11. On ne peut pas sanctionner deux fois les mêmes faits
On ne peut pas appliquer une sanction disciplinaire à un fait qui a déjà fait l’objet d’une première sanction disciplinaire. Par contre, les établissements peuvent prendre une sanction disciplinaire même s’ils ont déjà appliqué une sanction académique pour les mêmes faits (par exemple, mettre une note de 0/20). De plus, rien n’interdit de tenir compte, dans le choix de la sanction, d’une éventuelle récidive.
12. La décision doit être prise par les autorités compétentes au sein de l’établissement
Le règlement définit quelles sont les personnes habilitées à prendre une sanction disciplinaire.
13. L’établissement doit communiquer sa décision et la motiver
L’établissement doit communiquer la décision par écrit à l’étudiant et celle-ci doit être motivée. Cela signifie qu’elle doit expliquer les raisons qui ont conduit à prendre cette décision (les règles juridiques qui ont été appliquées ; les faits reprochés et les éléments de preuve ; le lien entre la gravité des faits et la sanction). La motivation doit aussi répondre aux arguments donnés par l’étudiant.

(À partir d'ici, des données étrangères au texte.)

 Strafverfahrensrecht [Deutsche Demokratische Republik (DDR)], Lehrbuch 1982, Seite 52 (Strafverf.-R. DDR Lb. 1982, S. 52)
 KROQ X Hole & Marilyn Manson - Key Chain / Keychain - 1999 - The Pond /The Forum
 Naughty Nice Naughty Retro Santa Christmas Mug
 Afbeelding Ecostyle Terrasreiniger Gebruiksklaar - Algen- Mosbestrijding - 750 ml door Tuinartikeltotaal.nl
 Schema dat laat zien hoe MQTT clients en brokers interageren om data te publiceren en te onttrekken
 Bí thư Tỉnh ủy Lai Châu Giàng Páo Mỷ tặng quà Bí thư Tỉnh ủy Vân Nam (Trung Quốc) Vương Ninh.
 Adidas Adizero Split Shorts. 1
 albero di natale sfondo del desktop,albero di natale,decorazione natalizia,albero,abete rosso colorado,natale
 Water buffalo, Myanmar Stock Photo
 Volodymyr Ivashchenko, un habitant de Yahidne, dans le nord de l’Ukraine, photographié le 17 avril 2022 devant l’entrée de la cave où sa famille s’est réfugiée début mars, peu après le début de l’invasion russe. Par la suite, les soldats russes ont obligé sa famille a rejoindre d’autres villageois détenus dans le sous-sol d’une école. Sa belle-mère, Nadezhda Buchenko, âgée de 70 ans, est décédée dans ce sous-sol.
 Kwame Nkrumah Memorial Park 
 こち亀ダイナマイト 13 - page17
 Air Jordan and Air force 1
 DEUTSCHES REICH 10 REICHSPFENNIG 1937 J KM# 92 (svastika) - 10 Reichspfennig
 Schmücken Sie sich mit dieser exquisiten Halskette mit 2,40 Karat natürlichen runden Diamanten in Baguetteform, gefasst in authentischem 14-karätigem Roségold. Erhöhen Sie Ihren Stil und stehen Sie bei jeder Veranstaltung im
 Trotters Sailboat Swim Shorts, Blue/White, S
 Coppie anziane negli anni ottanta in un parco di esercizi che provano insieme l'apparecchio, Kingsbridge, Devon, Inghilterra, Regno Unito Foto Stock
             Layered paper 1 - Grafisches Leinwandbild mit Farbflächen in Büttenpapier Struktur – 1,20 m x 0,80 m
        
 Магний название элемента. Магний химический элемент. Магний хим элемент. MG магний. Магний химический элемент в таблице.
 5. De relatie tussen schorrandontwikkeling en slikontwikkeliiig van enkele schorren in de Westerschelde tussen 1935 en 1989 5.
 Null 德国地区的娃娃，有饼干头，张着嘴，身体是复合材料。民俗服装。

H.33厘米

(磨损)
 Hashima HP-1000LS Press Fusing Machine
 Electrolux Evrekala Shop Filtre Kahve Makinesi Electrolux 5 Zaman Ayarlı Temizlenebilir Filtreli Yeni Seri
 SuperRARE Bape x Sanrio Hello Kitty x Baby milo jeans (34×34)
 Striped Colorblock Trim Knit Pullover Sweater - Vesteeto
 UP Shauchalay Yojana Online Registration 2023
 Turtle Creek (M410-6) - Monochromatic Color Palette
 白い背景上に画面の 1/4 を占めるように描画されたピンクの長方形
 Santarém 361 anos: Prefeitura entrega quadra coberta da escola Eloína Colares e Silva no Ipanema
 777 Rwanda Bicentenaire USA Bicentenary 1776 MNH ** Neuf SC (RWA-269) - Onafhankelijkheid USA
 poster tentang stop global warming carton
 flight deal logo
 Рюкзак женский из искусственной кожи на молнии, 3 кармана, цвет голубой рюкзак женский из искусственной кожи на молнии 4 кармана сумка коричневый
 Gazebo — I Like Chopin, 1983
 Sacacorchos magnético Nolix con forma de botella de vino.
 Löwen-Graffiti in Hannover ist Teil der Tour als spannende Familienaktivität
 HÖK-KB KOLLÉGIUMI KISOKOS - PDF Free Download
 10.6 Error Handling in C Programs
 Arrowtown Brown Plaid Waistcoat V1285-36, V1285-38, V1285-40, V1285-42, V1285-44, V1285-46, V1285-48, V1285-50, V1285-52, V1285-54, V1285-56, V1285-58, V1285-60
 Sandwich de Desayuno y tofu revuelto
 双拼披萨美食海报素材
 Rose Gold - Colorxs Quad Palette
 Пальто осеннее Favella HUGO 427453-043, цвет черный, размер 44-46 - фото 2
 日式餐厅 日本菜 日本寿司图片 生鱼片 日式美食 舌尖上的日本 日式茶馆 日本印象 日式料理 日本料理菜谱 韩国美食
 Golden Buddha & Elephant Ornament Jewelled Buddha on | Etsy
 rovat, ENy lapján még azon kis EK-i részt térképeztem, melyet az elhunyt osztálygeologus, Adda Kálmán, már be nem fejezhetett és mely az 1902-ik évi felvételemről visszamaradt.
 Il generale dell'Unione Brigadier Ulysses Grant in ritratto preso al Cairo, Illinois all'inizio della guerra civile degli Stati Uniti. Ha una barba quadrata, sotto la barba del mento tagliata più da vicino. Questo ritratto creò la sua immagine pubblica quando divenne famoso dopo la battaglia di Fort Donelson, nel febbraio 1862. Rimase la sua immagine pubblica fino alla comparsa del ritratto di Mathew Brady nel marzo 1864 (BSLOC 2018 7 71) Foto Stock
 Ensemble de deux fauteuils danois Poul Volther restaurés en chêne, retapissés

Enfin, la décision doit indiquer les voies de recours pour contester cette décision.
Tu as été sanctionné pour triche : quels recours ?
Recours interne
Bien souvent, les établissements d’enseignement supérieur prévoient un recours « interne », c’est-à-dire un recours qu’il faut introduire auprès d’autorités qui relèvent toujours de l’établissement d’enseignement supérieur. Consulte le règlement des études et le règlement disciplinaire pour en savoir plus.
Il faudra introduire valablement le recours interne pour avoir le droit de former un recours externe. Autrement dit, si tu n’introduis pas de recours interne en suivant scrupuleusement la procédure alors ton recours externe pourra être jugé irrecevable.
Recours externe
Un recours externe peut être formé auprès du Conseil d’Etat si le recours interne n’a pas abouti à une décision favorable.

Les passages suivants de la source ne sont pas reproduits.